Monsieur le président, madame la ministre, mes chers collègues, c'est avec une gravité particulière qu'il nous faut aborder cette révision des lois de bioéthique, car l'ampleur des sujets concernés nous fait mesurer notre responsabilité de législateur.
Le législateur est en effet chargé d'énoncer les principes destinés à encadrer des pratiques scientifiques et médicales en constante évolution, tout en faisant cesser s'il le faut celles qui sont jugées contraires à l'éthique.
L'enjeu est bien l'humanité. Car, à travers cette loi, c'est une certaine idée de l'homme qu'il nous faut défendre.
Avec l'actualité, nous sommes du reste au coeur de ce problème : le bébé dit du double espoir – on donne la vie et on sauve la vie – est la marque d'une réussite médicale qui séduit, mais qui ne m'en conduit pas moins à m'interroger. Concevoir un enfant pour soigner, est-ce respecter sa dignité ? Le procédé du « bébé médicament » va-t-il se développer ? Si oui, comment ? Tout ce qui est techniquement possible est-il humainement souhaitable ?
Quoi qu'il en soit, et contrairement à ce que l'on pourrait dire, notre débat depuis hier n'oppose pas croyants et incroyants, moralistes et libéraux, mais peut-être – avec tout le respect que nous nous devons les uns aux autres – les partisans de l'humanisme, d'une limitation des pouvoirs de la science, à ceux que l'on pourrait appeler scientistes et qui veulent organiser scientifiquement l'humanité.
Or la convention d'Oviedo, élaborée par le Conseil de l'Europe, n'hésite pas à affirmer qu'en cas de conflit entre la liberté de la science et l'intérêt de l'être humain, c'est ce dernier qui doit l'emporter. Cette conviction est largement partagée par nos concitoyens, qui, lors des états généraux de la bioéthique, ont affirmé que le progrès n'a de sens que s'il est au service de l'homme. Mais que signifie « être au service de l'homme » ?

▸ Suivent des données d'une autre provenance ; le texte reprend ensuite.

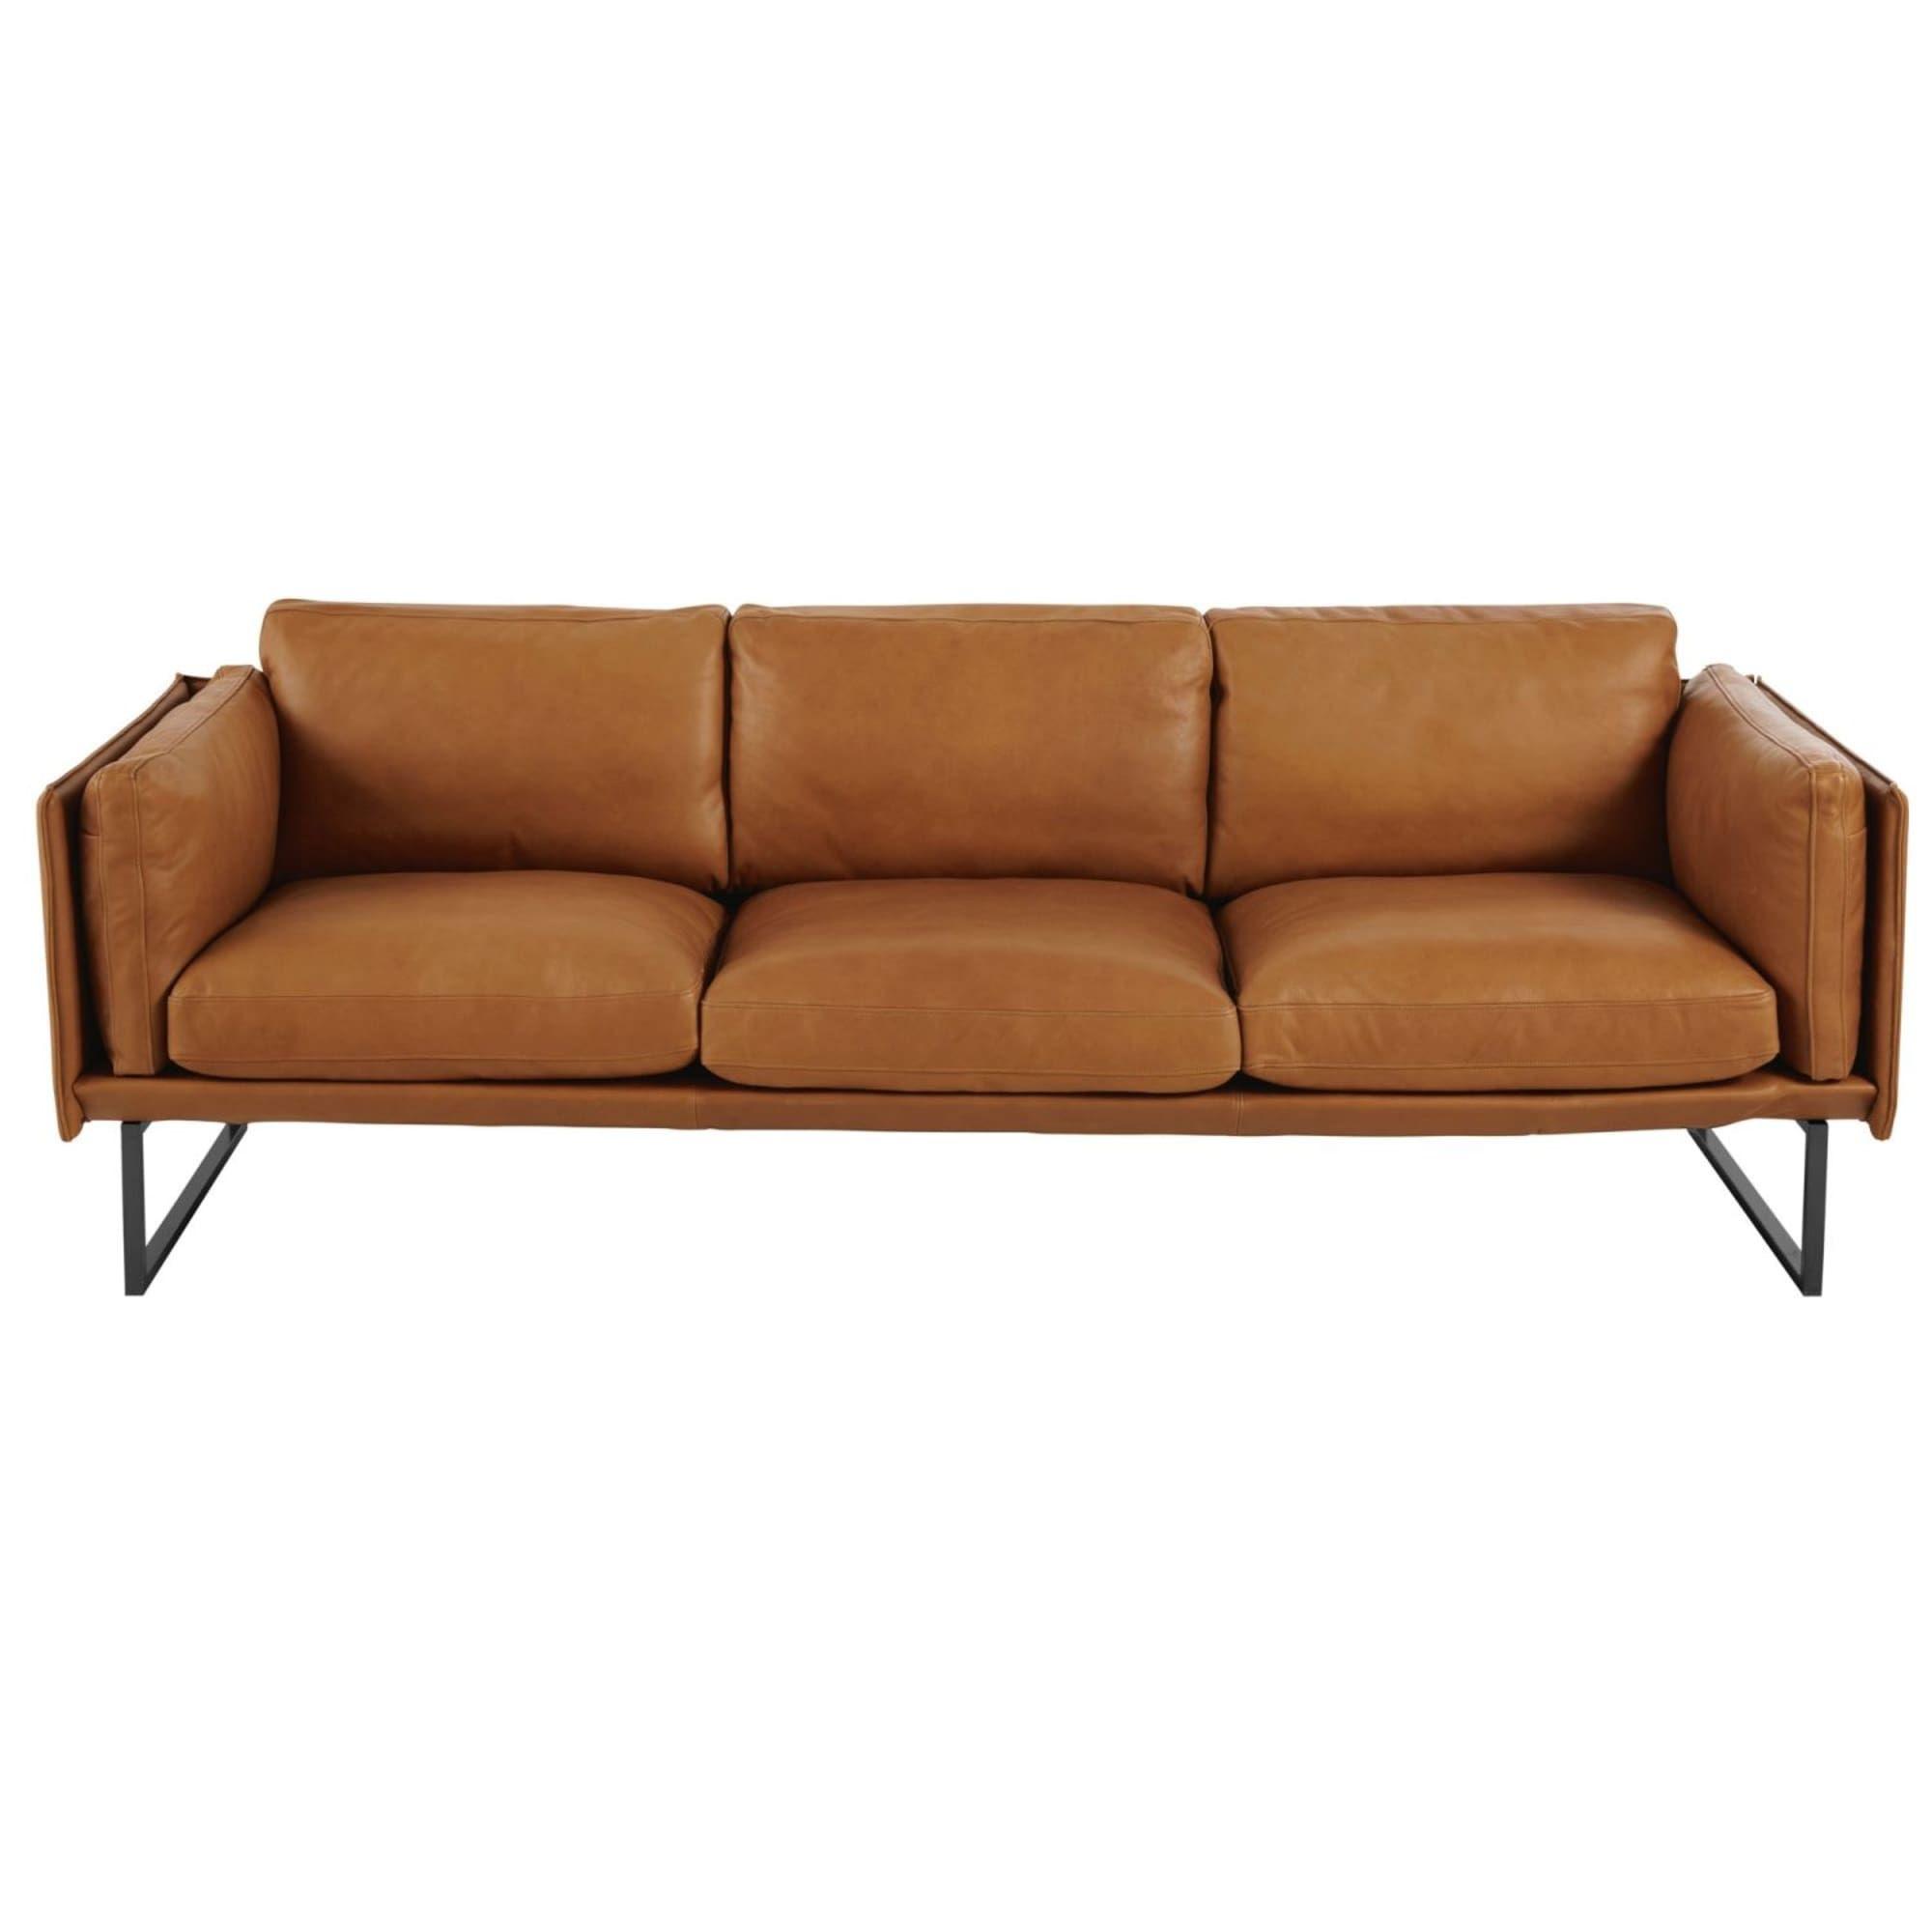 2 Sitzer Sofas 3 Sitzer Couches 2 Sitzer Sofa Sofas 3 Sitzer Sofa

La limite est ainsi infime entre la volonté de traiter la souffrance et la santé parfaite, entre le droit à l'enfant et le mythe du bébé parfait. Voilà pourquoi nous devons être particulièrement vigilants afin de distinguer ce qui relève des techniques qui traitent le corps de ce qui touche à celles qui concernent la conception de l'homme elle-même.
Je suis de ceux qui pensent que l'on peut concilier science et éthique, et je salue les dispositions de ce projet de loi relatives tant aux données génétiques qu'au don d'organes, qui font consensus parce que la science y reste au service des principes fondateurs de notre droit.
Je me réjouis aussi du fait que l'assistance médicale à la procréation privilégie désormais les pratiques et les procédés qui permettent de limiter le nombre d'embryons fécondés.
Sur la levée de l'anonymat du donneur de gamètes, je me suis certes interrogé, tant il est difficile de savoir où réside véritablement l'intérêt de l'enfant. Mais je n'y suis pas favorable, car cela remettrait en cause le caractère inviolable et non patrimonial du corps humain, ainsi que la gratuité du don, qui sont essentiels.
Je me suis également interrogé sur le transfert d'embryons post mortem. Mais je suis désormais convaincu que nous ne pouvons pas faire naître un enfant sans père. Naître orphelin à cause d'un accident de la vie est une chose, avoir été conçu comme orphelin en est une autre. Je pense d'abord à l'intérêt de l'enfant.
Le fait que la possibilité de la maternité pour autrui n'ait pas été retenue ne doit pas être considéré comme la victoire d'un camp sur un autre, mais comme la juste reconnaissance de l'intérêt de l'enfant et du principe de non-instrumentalisation du corps de la femme.